Riemann Zeta type integral We know the following identity to be true
$$\int_0^\infty {\rm d}y\,y^{a-1}\sum_{n=1}^{\infty}e^{-yn^2}=\zeta(2a)\Gamma(a).$$
However I need to compute a similar integral
$$\int_0^\infty {\rm d}y\,y^{a-1}\sum_{n=1}^{\infty}e^{-y(n^2+\alpha^2)}$$
Is there any identity known for this integral? How do I compute this?
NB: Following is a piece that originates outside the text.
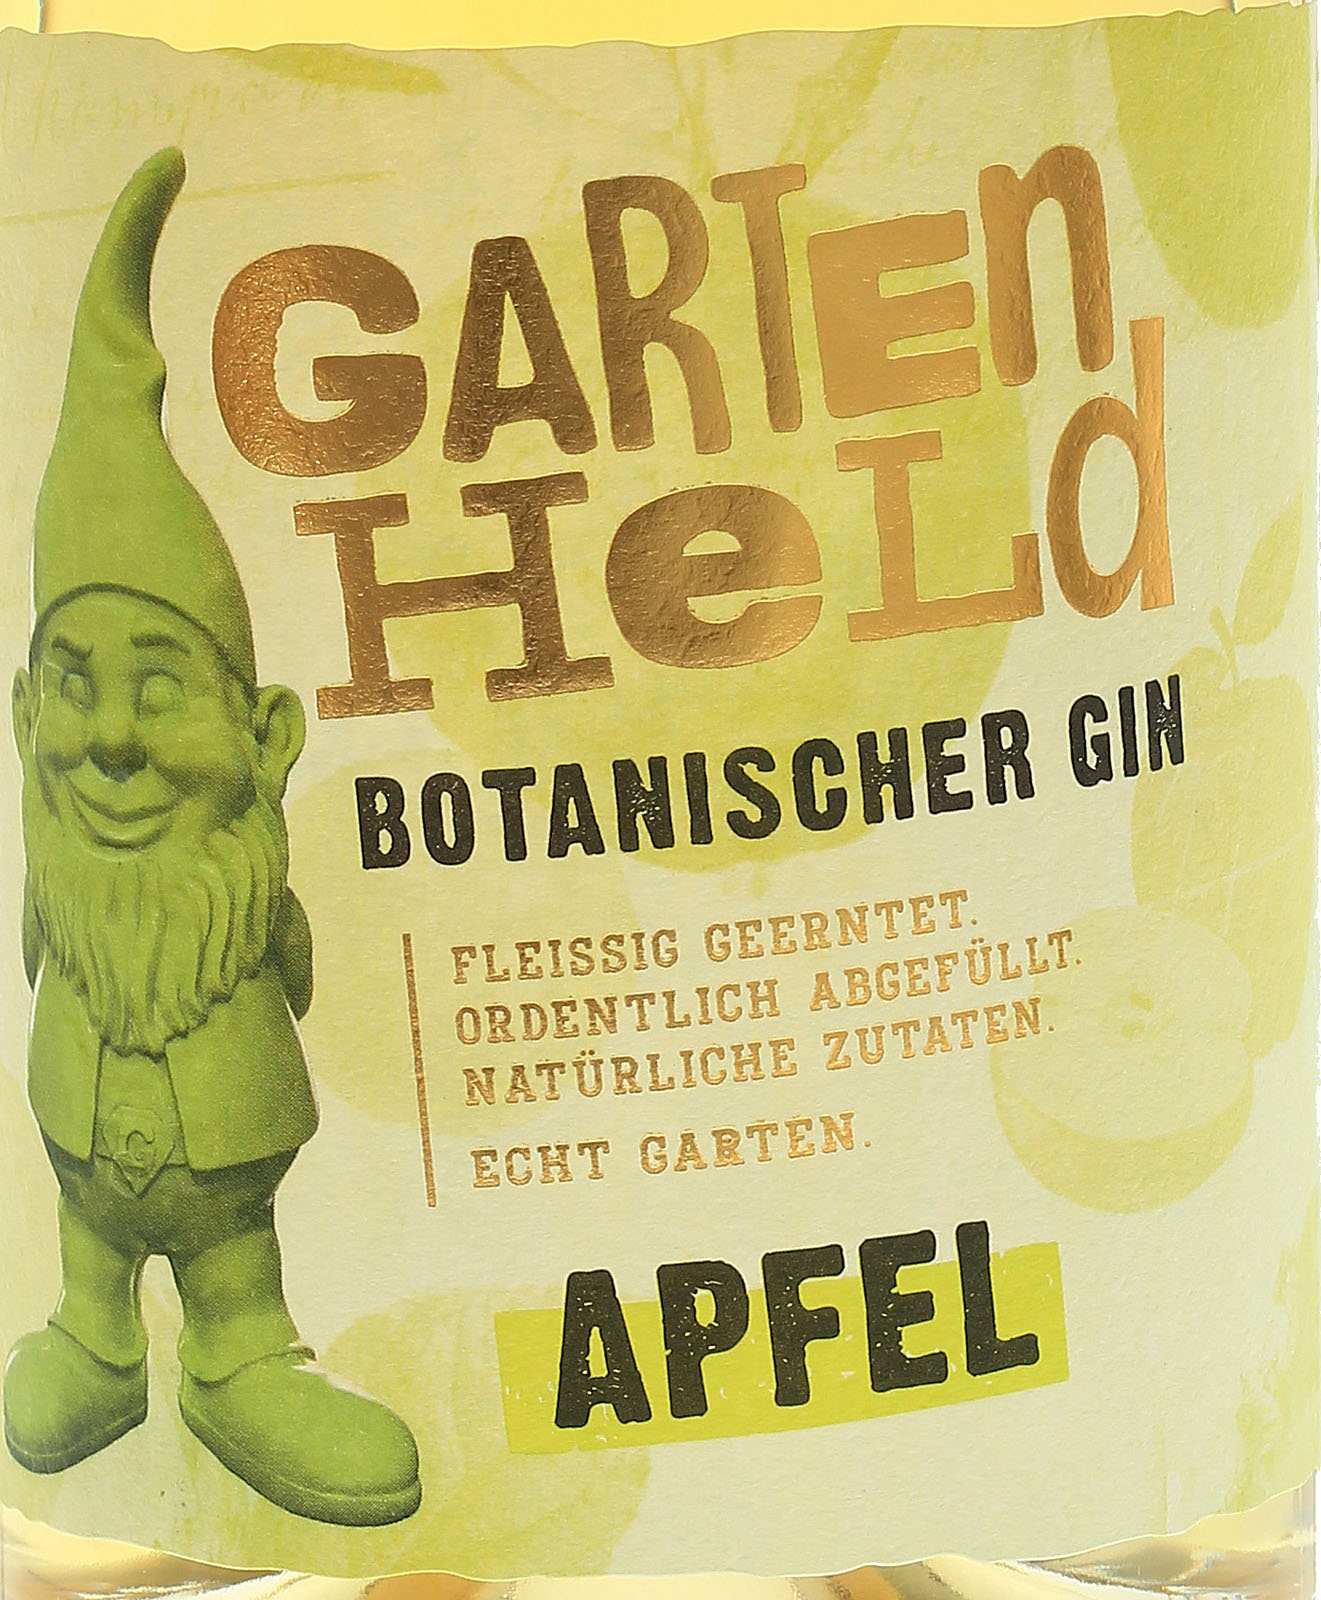 Gartenheld Botanischer Gin Apfel - Bei uns im Shop kauf

 A: $$I=\int_0^\infty y^{a-1}\sum_{n=1}^{\infty}e^{-y(n^2+\alpha^2)}dy$$
Due to the Fubini-Tonelli theorem we can interchange the sum and the integral:
$$I=\sum_{n=1}^{\infty}\int_0^\infty y^{a-1}e^{-y(n^2+\alpha^2)}dy$$
Expand $e^{-y(n^2+\alpha^2)}$:
$$e^{-y(n^2+\alpha^2)} = \sum_{j=0}^{\infty} \frac{(-y)^j (n^2+\alpha^2)^j}{j!}$$
Applying the Ramanujan's master theorem
If we denote:
$$\varphi(j) = (n^2+\alpha^2)^j$$
We have
$$I=\sum_{n=1}^{\infty}\int_0^\infty y^{a-1}e^{-y(n^2+\alpha^2)}dy = \sum_{n=1}^{\infty}\Gamma(a)\frac{1}{(n^2+\alpha^2)^a}= \Gamma(a)\sum_{n=1}^{\infty}\frac{1}{(n^2+\alpha^2)^a}$$
and the right hand converges when $\operatorname{Re}(a)>\frac{1}{2}$
A: This integral is the sum over $n \geq 1$ of $\int_{0}^{\infty}{dy y^{a-1}e^{-y(n^2+\alpha^2)}}=\int_0^{\infty}{dy \frac{y^{a-1}e^{-y}}{(n^2+\alpha^2)^a}}$, so it is $\Gamma(a)\sum_{n=1}^{\infty}{\frac{1}{(n^2+\alpha^2)^a}}$. I’m not sure there’s a simplification working for all $a$, although there is one residue theorem-based method to evaluate the sum when $a$ is an integer (see eg the accepted answer of Closed form for $\sum_{n=-\infty}^{\infty} \frac{1}{n^4+a^4}$).